Assignment: The listing below should be reproduced exactly, with the pictures omitted.

Data shown:

* * *

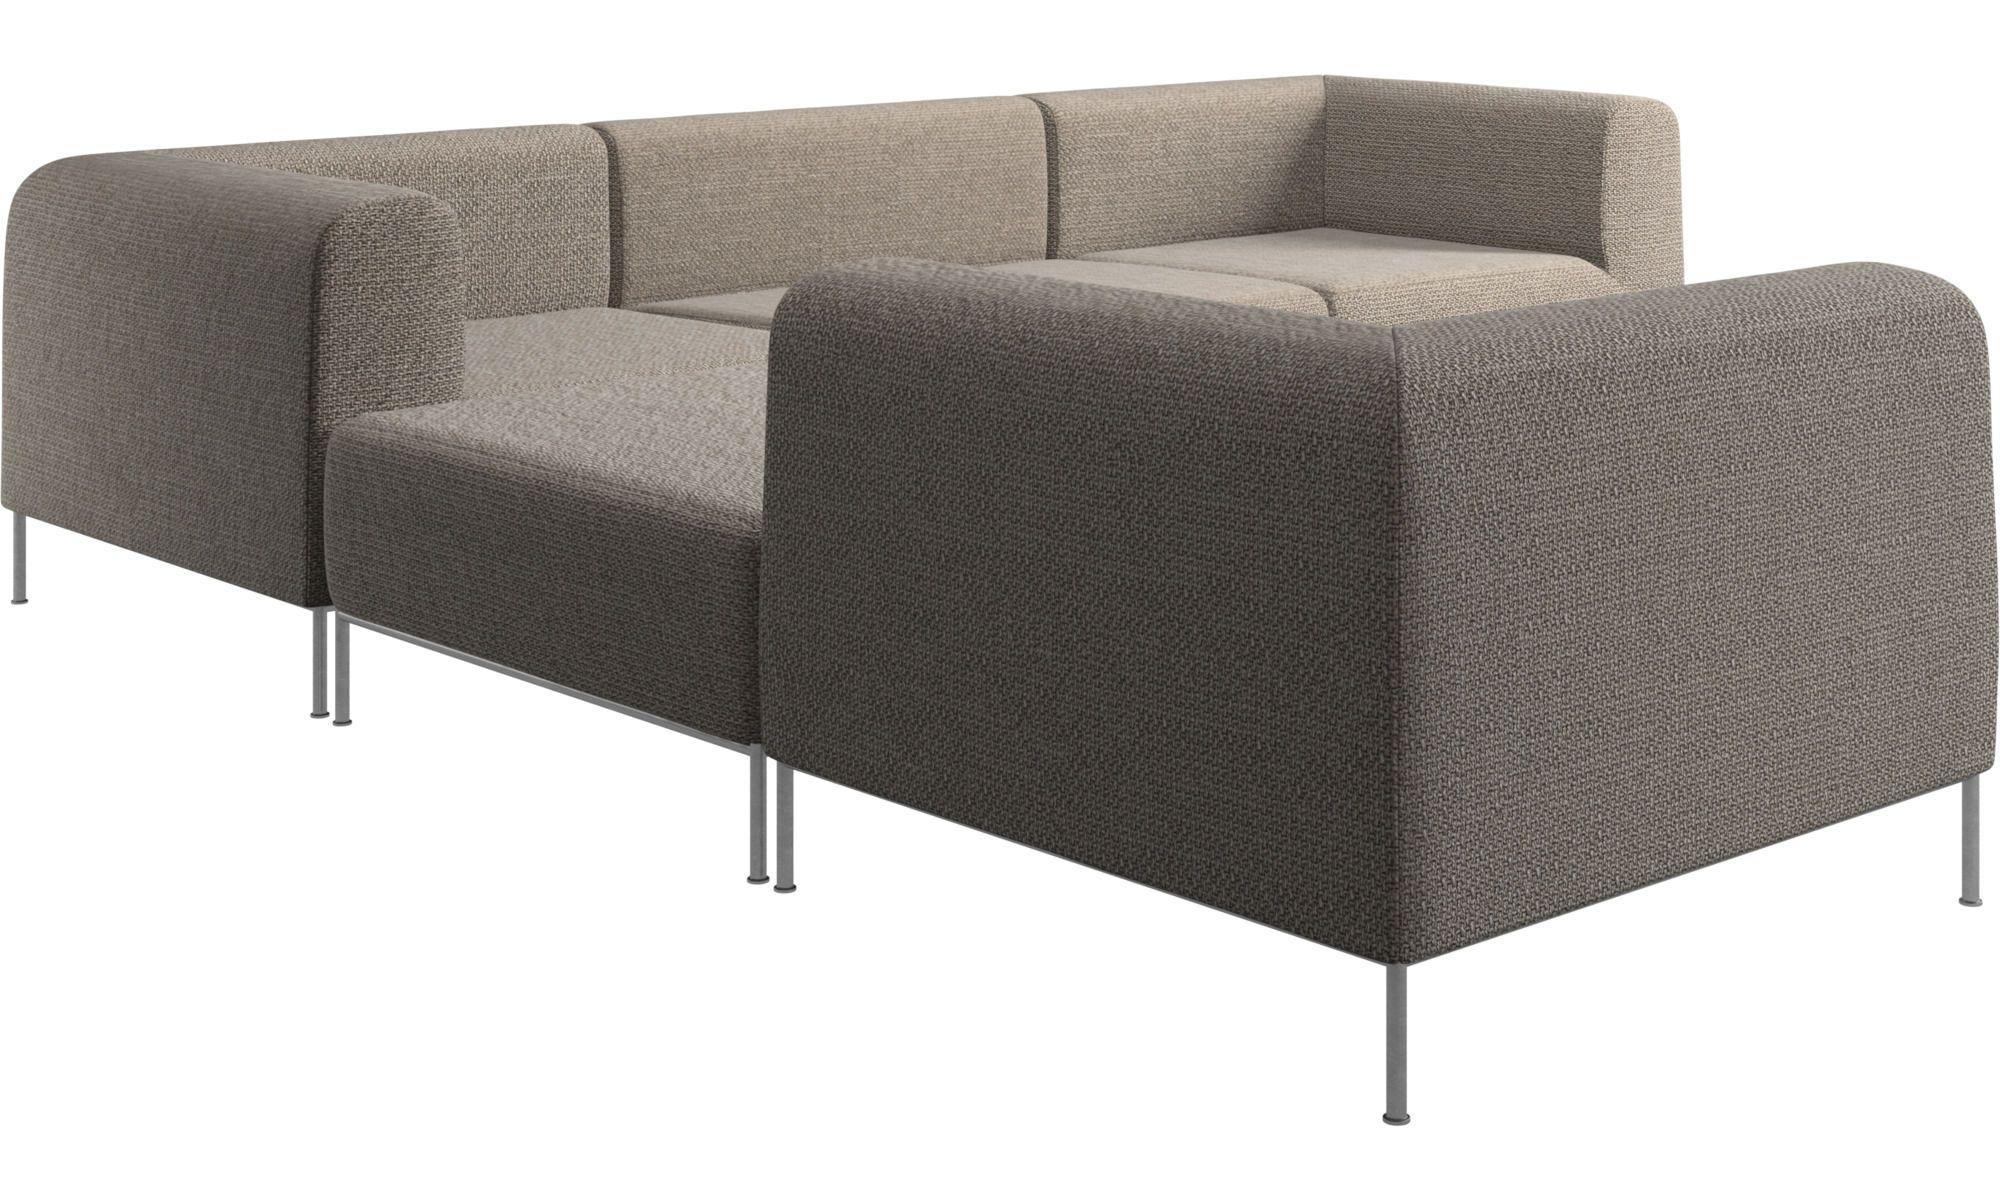 Modular Sofas Miami Corner Sofa With Footstool On Left Side Brown Fabric
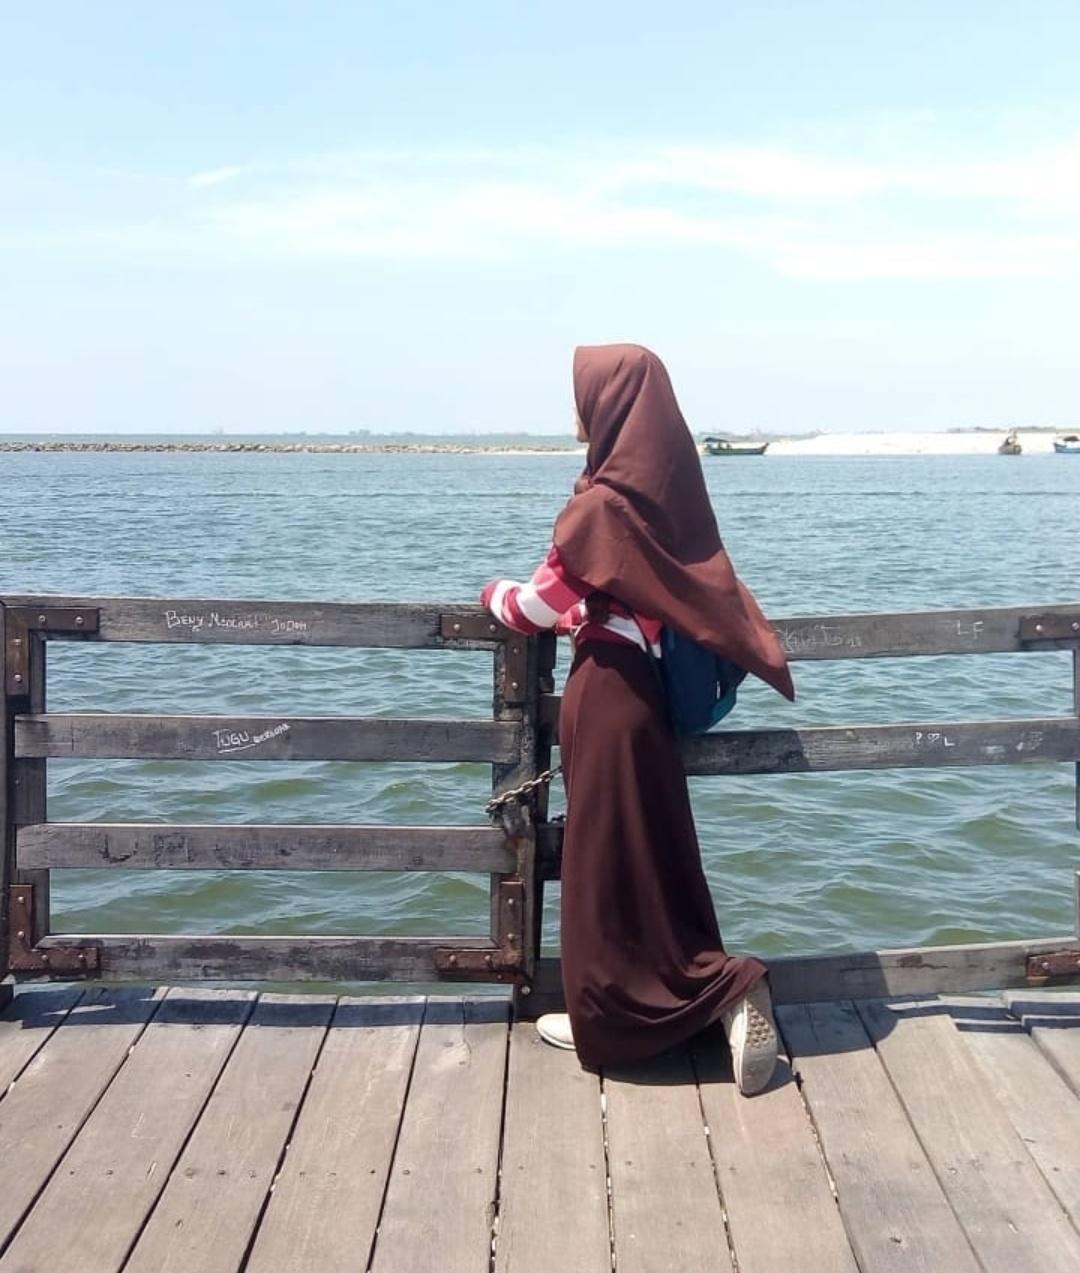 Harga Tiket Masuk Kawasan Wisata Pantai Ancol Dan Pantai
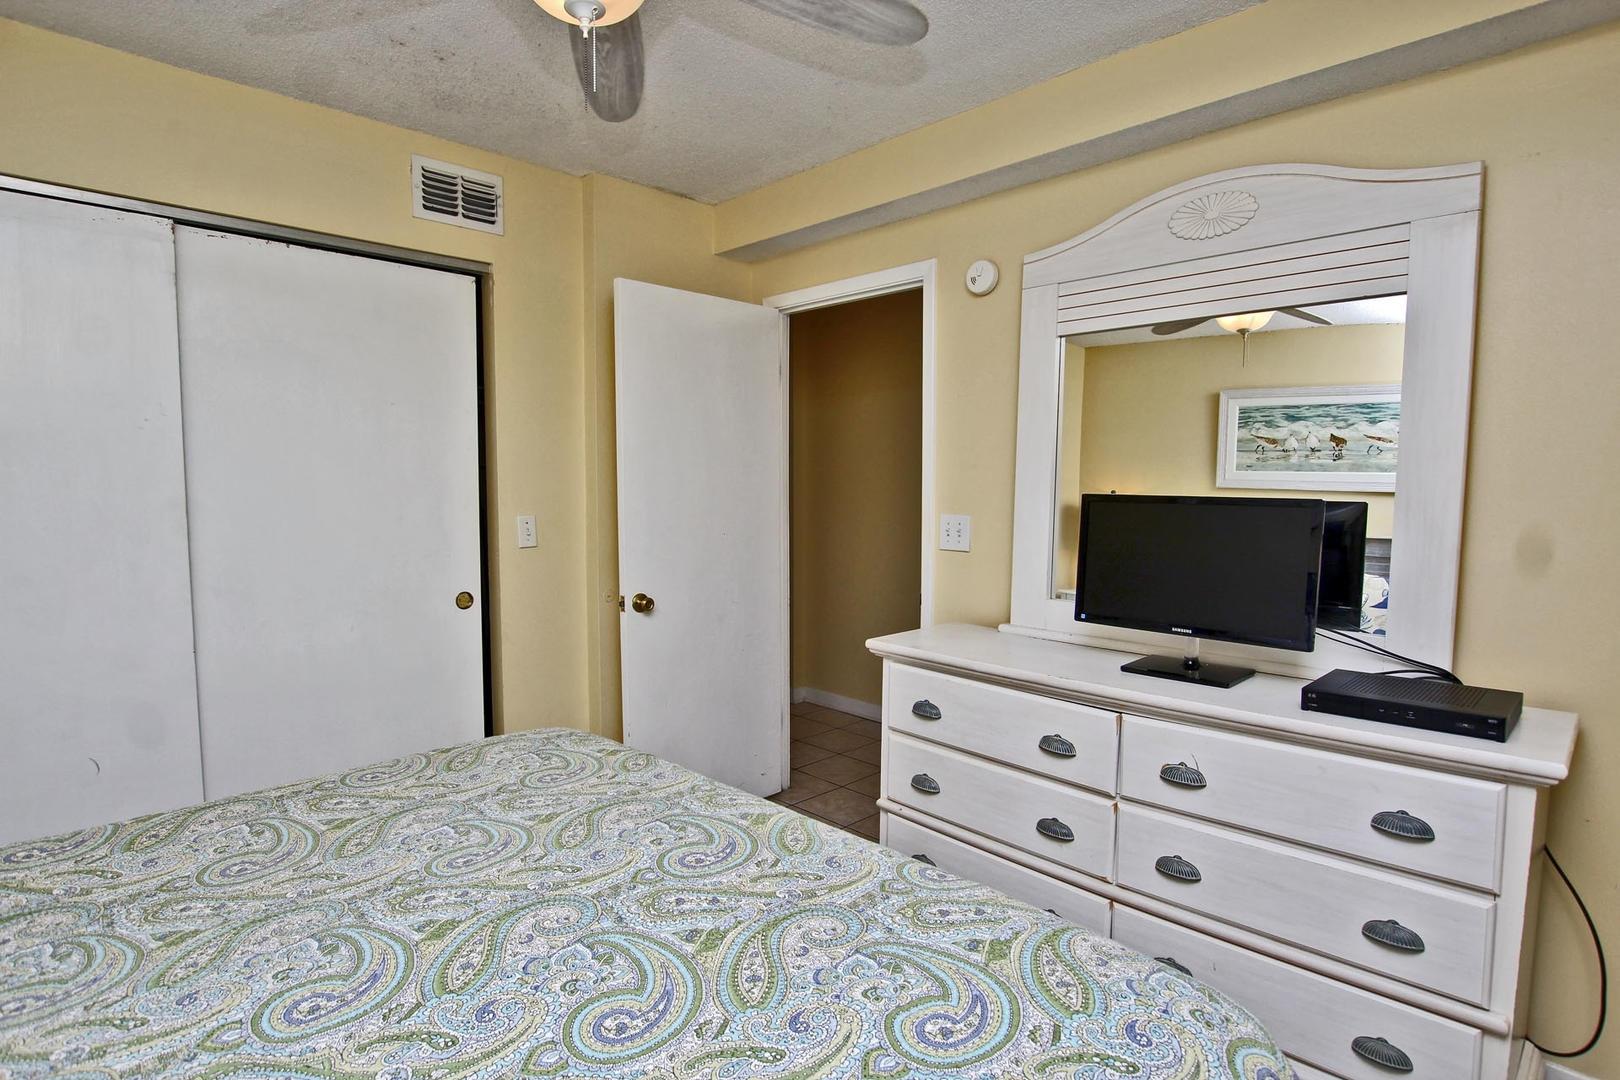 Closet and Dresser Space
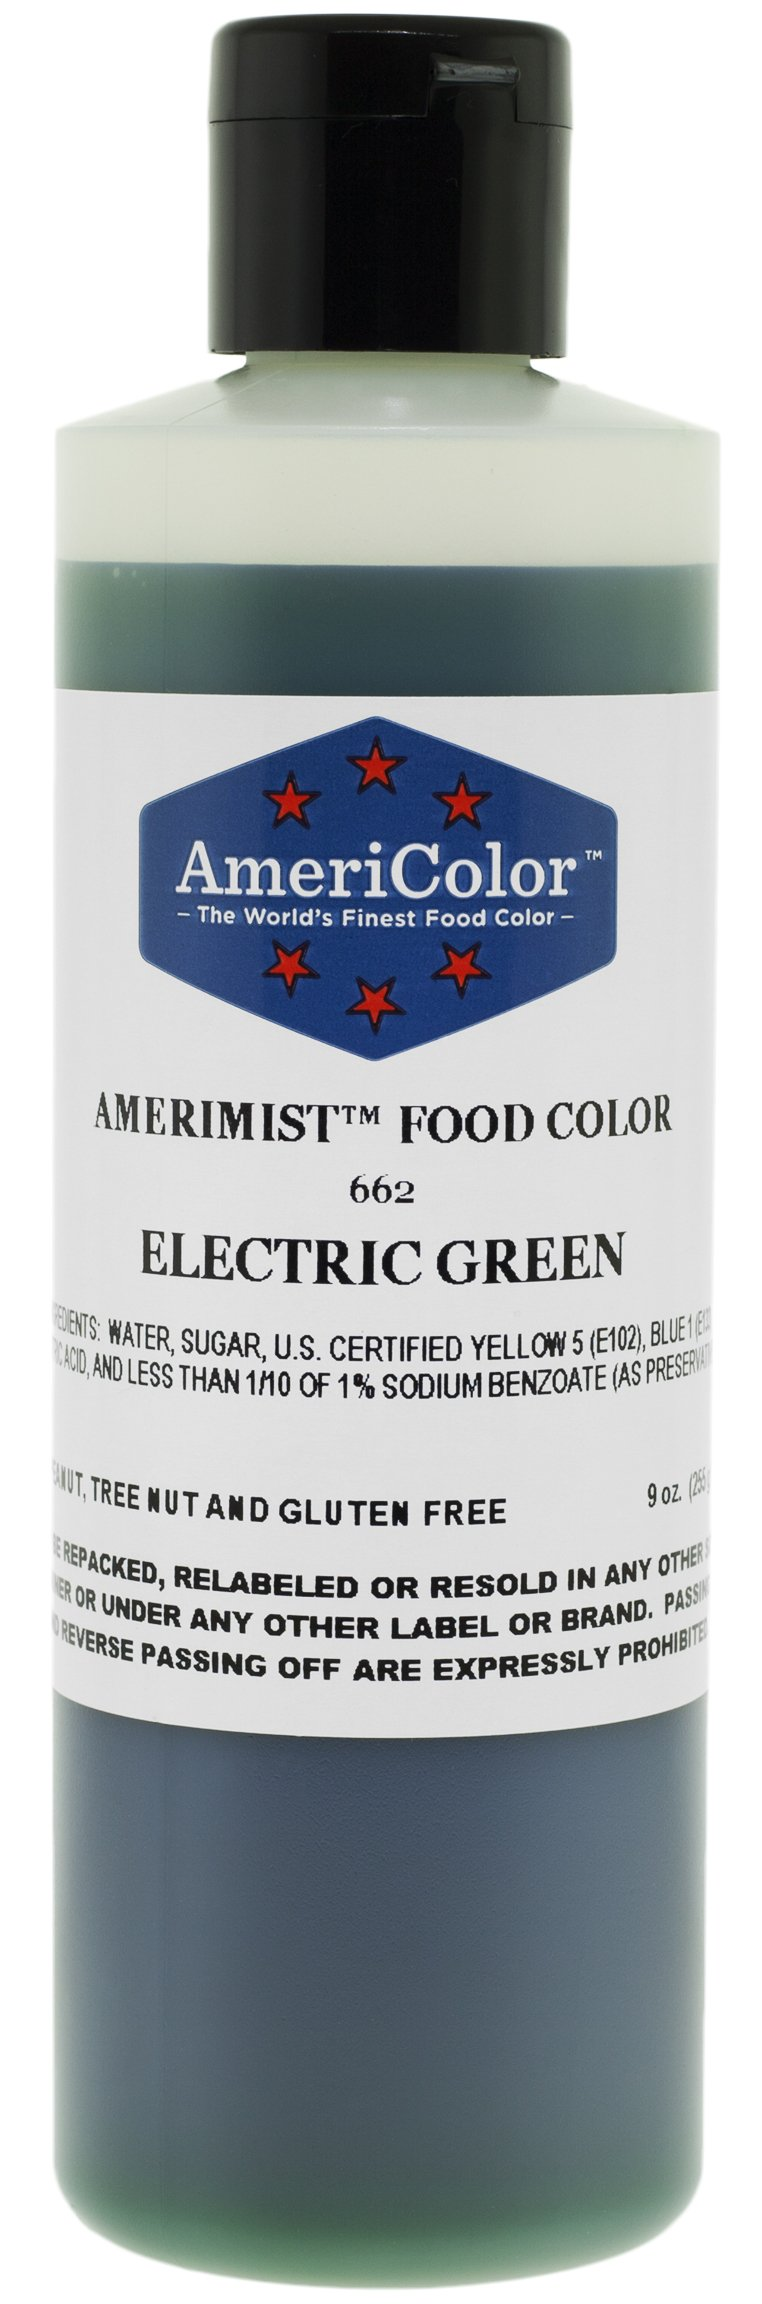 AmeriColor AmeriMist Electric Green Airbrush Food Color, 9 oz

* * *

Response to the task:
 Modular Sofas Miami Corner Sofa With Footstool On Left Side Brown Fabric
 Harga Tiket Masuk Kawasan Wisata Pantai Ancol Dan Pantai
 Closet and Dresser Space
 AmeriColor AmeriMist Electric Green Airbrush Food Color, 9 oz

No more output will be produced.